Rôti d’élan

Rôti

La préparation d’un rôti, c’est quelque chose d’assez simple en principe, mais qui requiert tout de même un certain doigté pour atteindre le bon degré de cuisson et garder toute sa tendreté à la viande. Il faut d’abord se procurer une bonne viande (une excellente si possible) prise dans une partie naturellement tendre de l’animal, mais pas trop maigre, car elle aurait tendance à sécher.

Je prépare habituellement mon rôti en l’enduisant d’un savant mélange de moutarde et de beurre sur lequel je dépose des champignons. Évidemment, les champignons furent LA chose que j’ai oublié d’acheter la semaine dernière. Qu’à cela ne tienne: il faudrait préparer le rôti différemment.

Rôti et marinade

Pour une pièce de viande de cette taille (environ 2 kg si ma mémoire est bonne) il faut sortir la viande du réfrigérateur au moins deux heures avant de l’enfourner, question de lui permettre de prendre la température de la pièce, ce qui facilitera une cuisson plus uniforme. J’ai décidé de donner à mon morceau d’élan, qui est une viande plus maigre que le bœuf (donc plus susceptible de sécher) un bain d’huile d’olive aromatisée d’oignons et de vinaigre de vin rouge (plus pour le goût que pour sa fonction attendrissante). Comme il était impossible de faire baigner la viande en entier dans la marinade, on retourne souvent…

Mélange légumes

Afin de préparer la sauce, il me fallait une mirepoix. J’ai donc découpé grossièrement un oignon (rouge parce que c’était ce que j’avais sous la main), trois branches de céleri et trois carottes (ici, inutile de sacrifier les carottes fraîches du jardin; celles-là provenaient de l’épicerie). Au moment de faire cuire le rôti dans un four préchauffé à 500°F (250°C), j’ai déposé ces légumes au fond de la casserole qui me servait de lèchefrite, arrosé de bouillon de bœuf, puis j’ai mis le rôti dessus. On fait ensuite cuire à cette très haute température pendant une vingtaine de minutes, question de saisir l’extérieur de la viande, ce qui a aussi pour effet de tuer quelque bactérie superficielle qui pourrait s’être développée. Après ce temps, on baisse la température à 325°F (environ 160°C) et on laisse le rôti cuire le temps nécessaire pour atteindre le degré de cuisson désiré.

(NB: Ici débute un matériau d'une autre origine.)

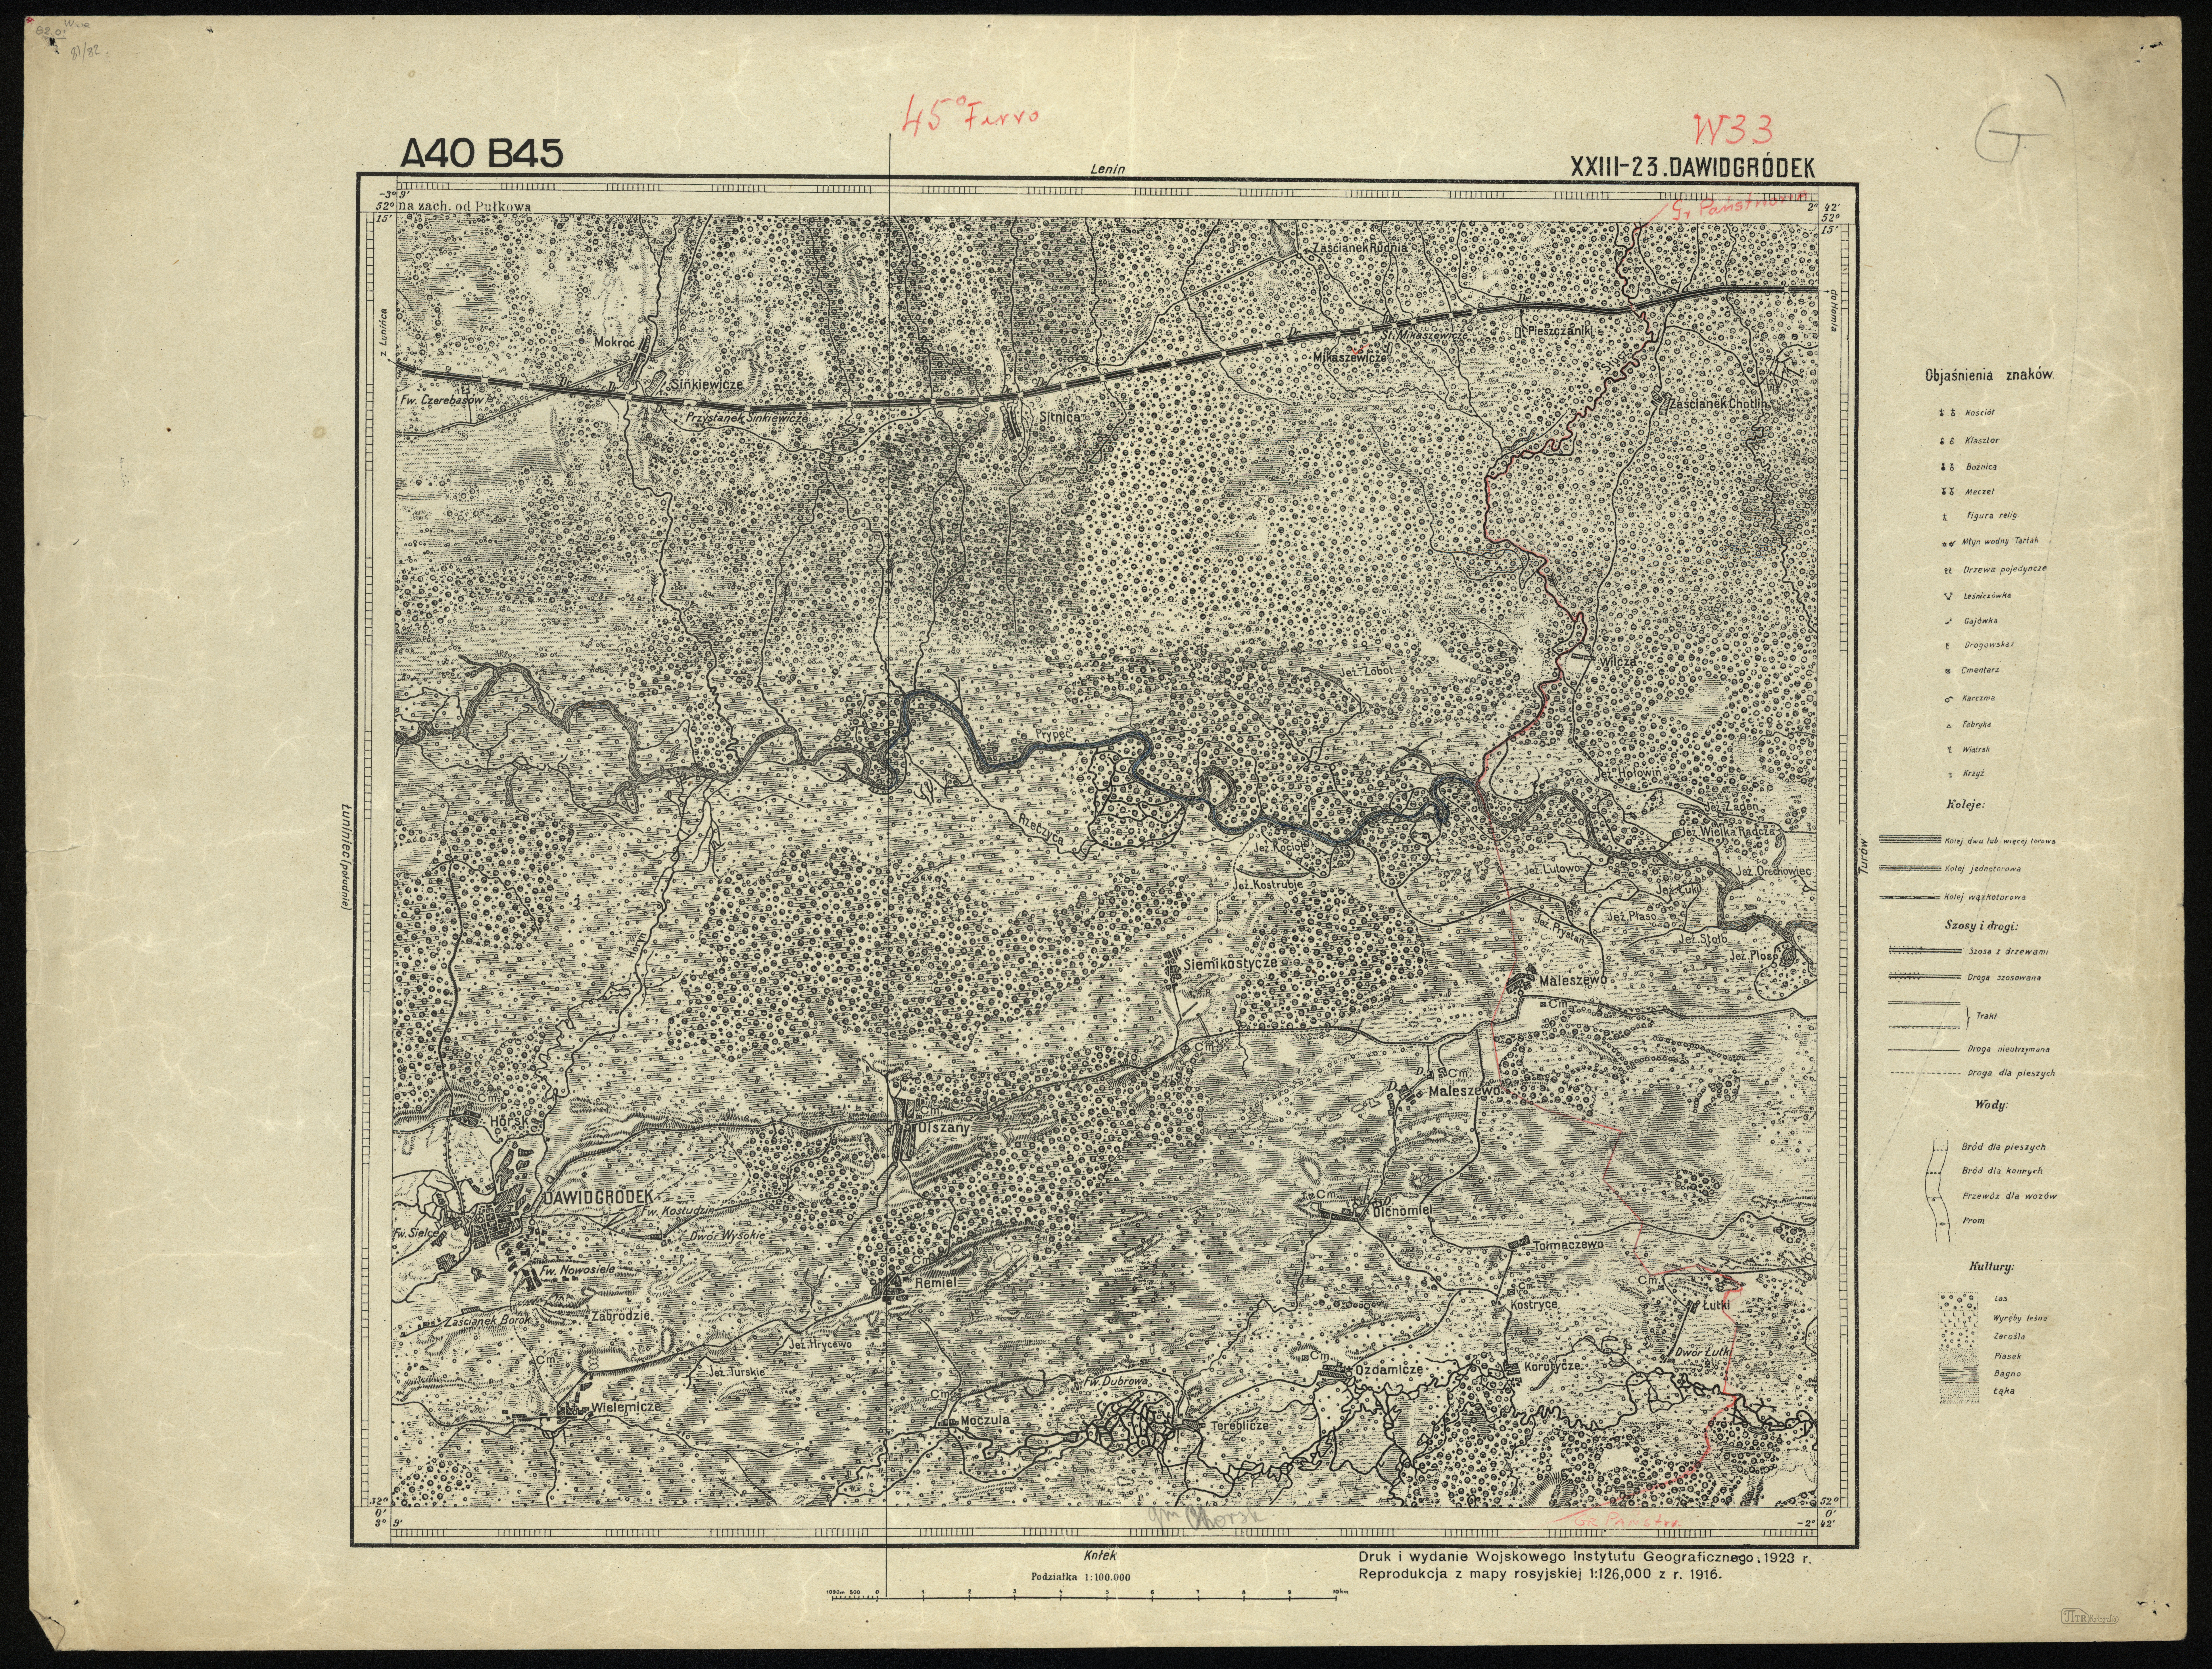 Mapa taktyczna Polski 1_100 000 - przedruki map zaborczych w cięciu rosyjskim - A40_B45_XXIII-23_DAWIDGRODEK_2_1923.jpg

Pour une cuisson saignante, la température au centre du rôti doit être de 120° F (environ 60°C) après un temps de repos d’une vingtaine de minutes. On le sort donc du four lorsqu’il atteint environ cinq degrés de moins que le degré désiré, on le recouvre de papier d’aluminium et on le laisse reposer dans un endroit tiède vingt minutes, ce qui permet aux jus de se répartir et à la cuisson de terminer. Cela permet aussi de préparer la sauce à partir du jus qui s’est créé. On retire les légumes (qui, ayant donné ce qu’ils avaient à donner, peuvent être jetés), puis on laisse réduire et caraméliser les jus. On déglace (j’ai choisi de le faire avec un mélange de jus d’amélanches préparé plus tôt dans la journée, de vin rouge et de concentré de bouillon de bœuf avec quelques aromates). On laisse épaissir ou… si nécessaire, on peut épaissir avec de la farine ou de la fécule de maïs diluée dans l’eau froide ou, mieux, avec de la crème.

Un accompagnement de légumes du jardin (haricots et carottes) blanchis et revenus dans le beurre, ainsi que d’asperges blanchies puis grillées dans l’huile d’olive avec des pignons de pin n’est pas une mauvaise idée… Je ne tenais pas à ajouter de féculents, mais ce n’est pas interdit de servir avec des pommes de terre.